What the exercise asks —
The exercise calls for exact output of the lines between the one that contains "(Rebroadcast) Red Velvet’s" and the end of the data, with both ends kept and pictures left out.

Data provided —
┌──

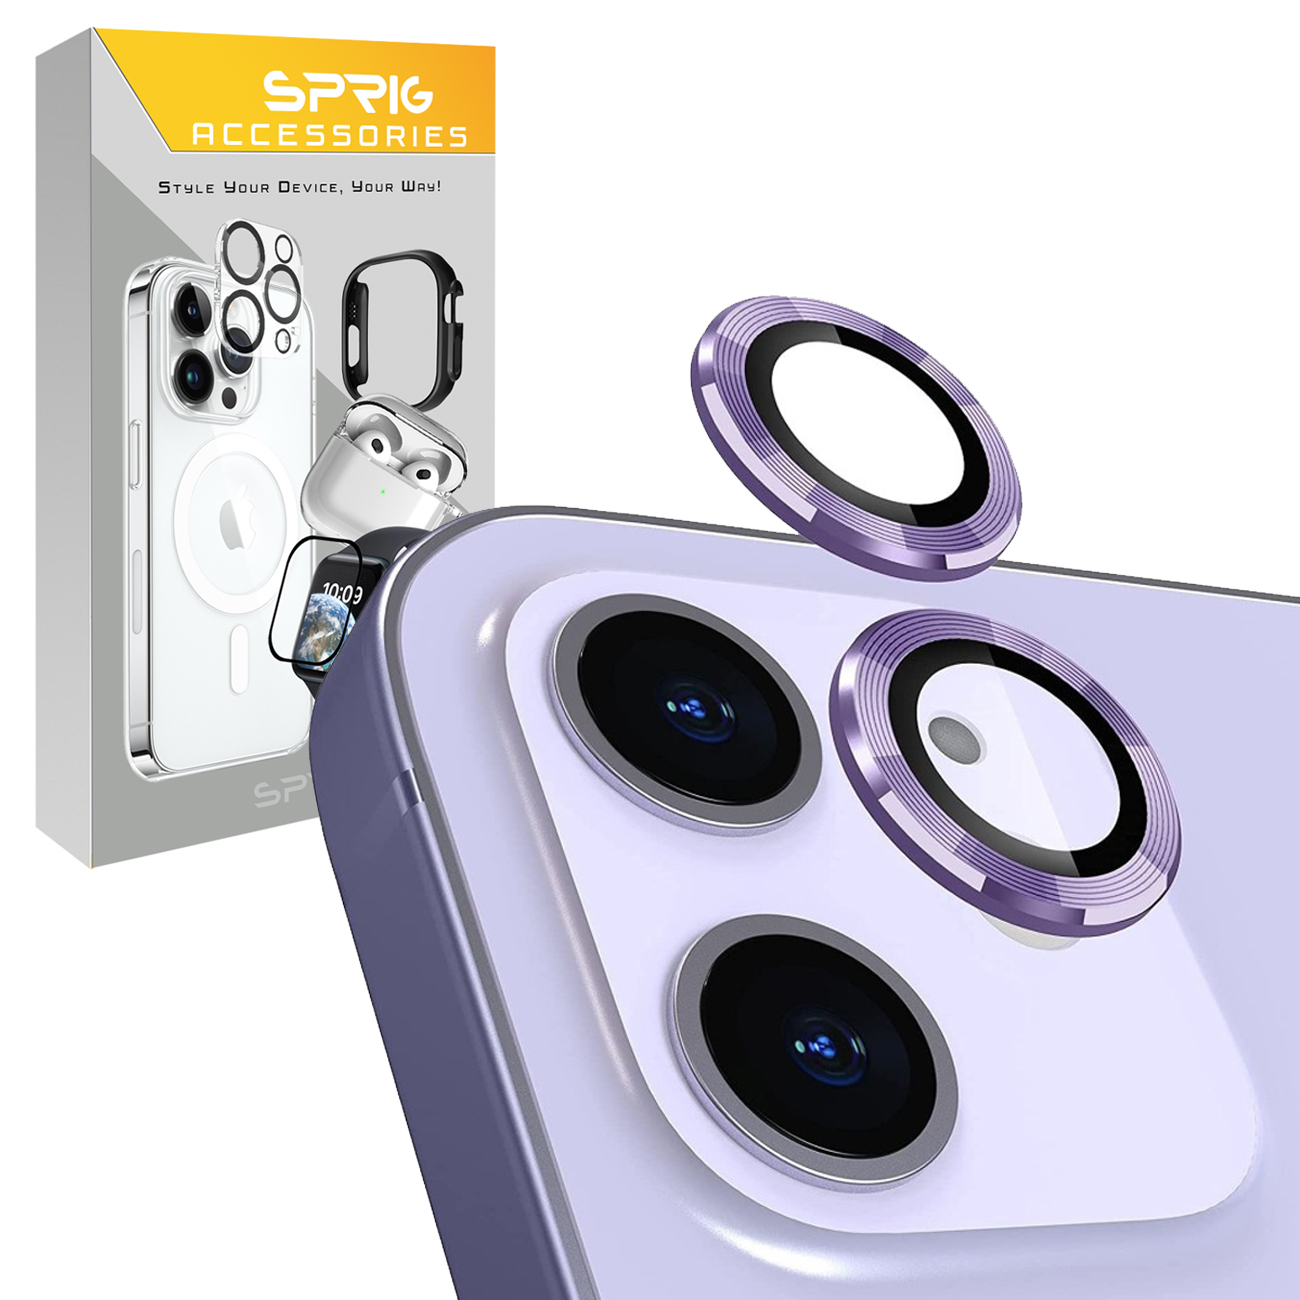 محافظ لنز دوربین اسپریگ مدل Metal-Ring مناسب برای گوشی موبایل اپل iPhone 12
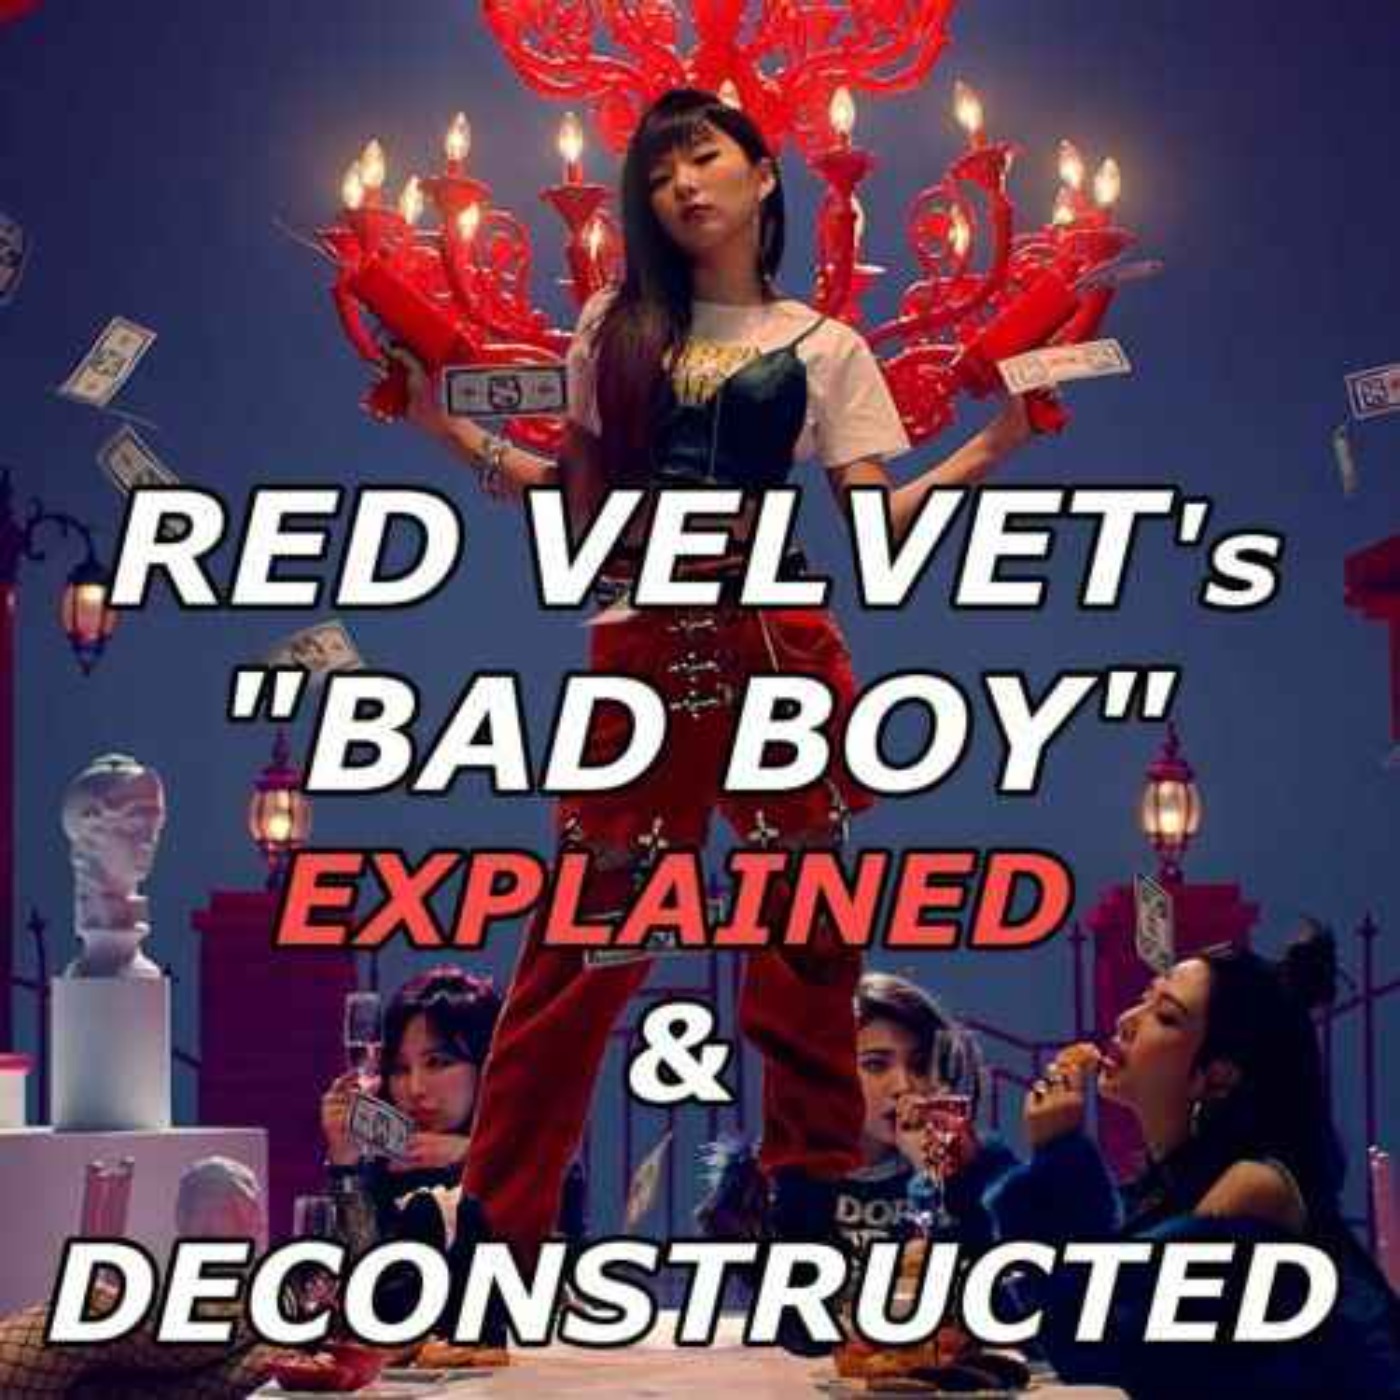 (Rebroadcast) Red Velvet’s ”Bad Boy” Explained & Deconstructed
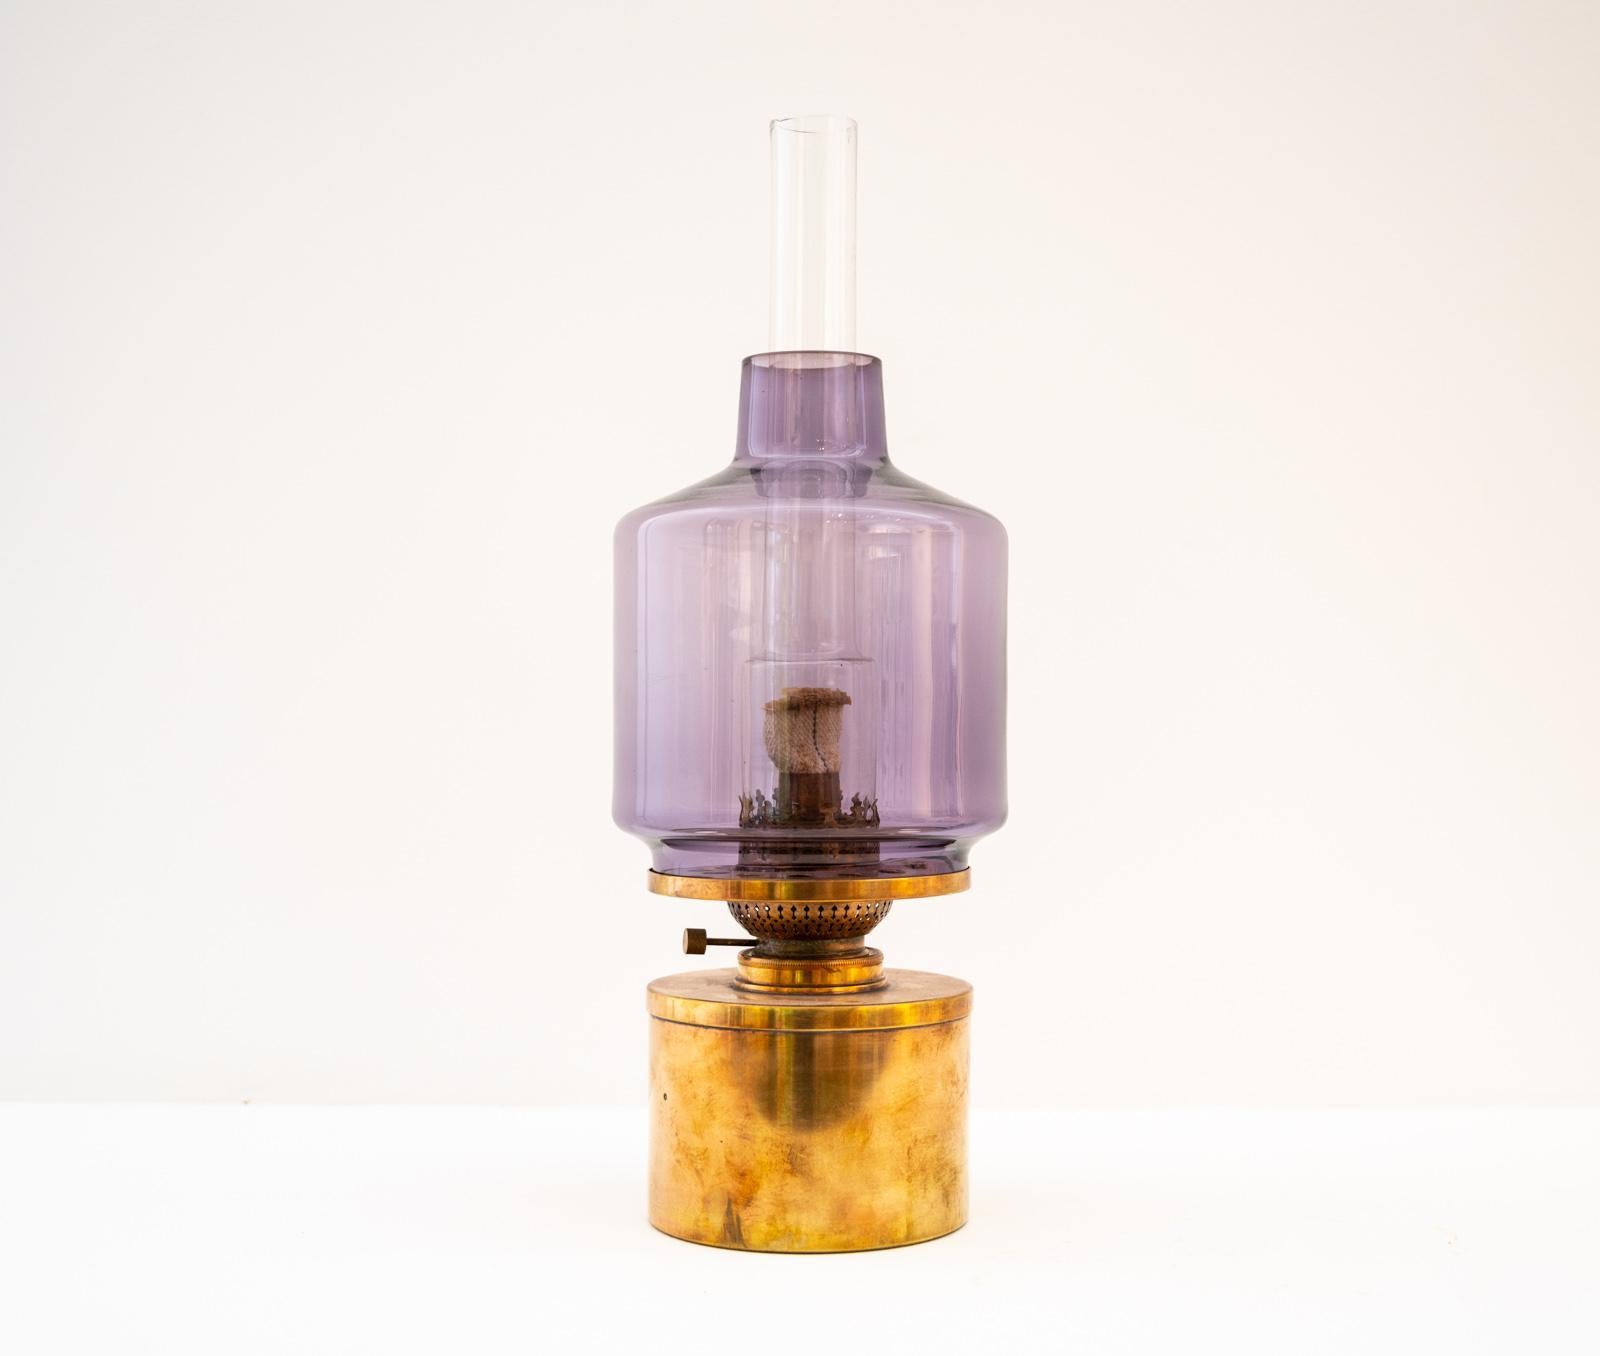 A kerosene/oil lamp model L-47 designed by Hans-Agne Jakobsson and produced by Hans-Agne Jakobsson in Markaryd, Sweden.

└──

Response box —
 (Rebroadcast) Red Velvet’s ”Bad Boy” Explained & Deconstructed
 A kerosene/oil lamp model L-47 designed by Hans-Agne Jakobsson and produced by Hans-Agne Jakobsson in Markaryd, Sweden.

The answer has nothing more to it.